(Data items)
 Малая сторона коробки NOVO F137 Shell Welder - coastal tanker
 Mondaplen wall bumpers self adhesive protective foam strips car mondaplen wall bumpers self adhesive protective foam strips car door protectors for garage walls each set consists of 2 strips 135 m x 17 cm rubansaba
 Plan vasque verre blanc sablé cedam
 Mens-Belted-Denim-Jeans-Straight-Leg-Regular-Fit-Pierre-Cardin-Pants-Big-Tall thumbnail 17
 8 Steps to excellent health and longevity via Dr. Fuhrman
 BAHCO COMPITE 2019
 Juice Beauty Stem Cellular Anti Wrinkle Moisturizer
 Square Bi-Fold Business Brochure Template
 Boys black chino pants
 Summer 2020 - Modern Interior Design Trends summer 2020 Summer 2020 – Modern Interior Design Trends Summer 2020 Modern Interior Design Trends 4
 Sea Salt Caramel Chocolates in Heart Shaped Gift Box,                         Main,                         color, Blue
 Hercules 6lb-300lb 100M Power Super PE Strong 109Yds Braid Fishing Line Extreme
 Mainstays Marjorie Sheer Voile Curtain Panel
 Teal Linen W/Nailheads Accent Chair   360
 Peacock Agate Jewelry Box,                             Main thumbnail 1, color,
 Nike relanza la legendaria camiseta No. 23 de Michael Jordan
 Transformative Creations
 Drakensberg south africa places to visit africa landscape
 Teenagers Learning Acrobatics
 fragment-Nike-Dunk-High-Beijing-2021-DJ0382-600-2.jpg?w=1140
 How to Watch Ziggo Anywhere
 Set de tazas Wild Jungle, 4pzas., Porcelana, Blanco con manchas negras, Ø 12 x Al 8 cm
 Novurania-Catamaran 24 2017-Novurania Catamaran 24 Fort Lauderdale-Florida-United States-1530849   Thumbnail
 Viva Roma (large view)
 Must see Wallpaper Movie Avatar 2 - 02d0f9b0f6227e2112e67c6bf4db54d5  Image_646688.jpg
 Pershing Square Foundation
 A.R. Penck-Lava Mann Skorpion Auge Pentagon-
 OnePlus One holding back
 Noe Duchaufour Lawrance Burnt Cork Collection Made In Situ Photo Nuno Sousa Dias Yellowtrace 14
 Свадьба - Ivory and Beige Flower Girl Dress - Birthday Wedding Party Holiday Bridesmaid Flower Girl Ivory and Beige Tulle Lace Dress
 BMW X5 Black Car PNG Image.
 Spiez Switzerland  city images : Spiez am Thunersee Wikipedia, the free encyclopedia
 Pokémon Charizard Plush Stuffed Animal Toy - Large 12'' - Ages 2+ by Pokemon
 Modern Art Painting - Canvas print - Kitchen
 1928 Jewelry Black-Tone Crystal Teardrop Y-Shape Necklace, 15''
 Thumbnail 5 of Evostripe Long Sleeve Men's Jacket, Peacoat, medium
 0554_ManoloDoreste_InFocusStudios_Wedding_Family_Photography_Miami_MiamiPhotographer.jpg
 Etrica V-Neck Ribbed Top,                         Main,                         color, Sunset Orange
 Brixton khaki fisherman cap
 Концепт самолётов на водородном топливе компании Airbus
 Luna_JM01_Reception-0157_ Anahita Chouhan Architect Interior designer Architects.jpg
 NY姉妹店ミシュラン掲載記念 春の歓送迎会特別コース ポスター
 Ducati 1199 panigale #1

### WORK TASK
Only one stretch of the records above is wanted: the lines between the one holding "Свадьба - Ivory" and the one holding "Modern Art Painting - Canvas print - Kitchen", inclusive, reproduced exactly.

### RESPONSE BOX
 Свадьба - Ivory and Beige Flower Girl Dress - Birthday Wedding Party Holiday Bridesmaid Flower Girl Ivory and Beige Tulle Lace Dress
 BMW X5 Black Car PNG Image.
 Spiez Switzerland  city images : Spiez am Thunersee Wikipedia, the free encyclopedia
 Pokémon Charizard Plush Stuffed Animal Toy - Large 12'' - Ages 2+ by Pokemon
 Modern Art Painting - Canvas print - Kitchen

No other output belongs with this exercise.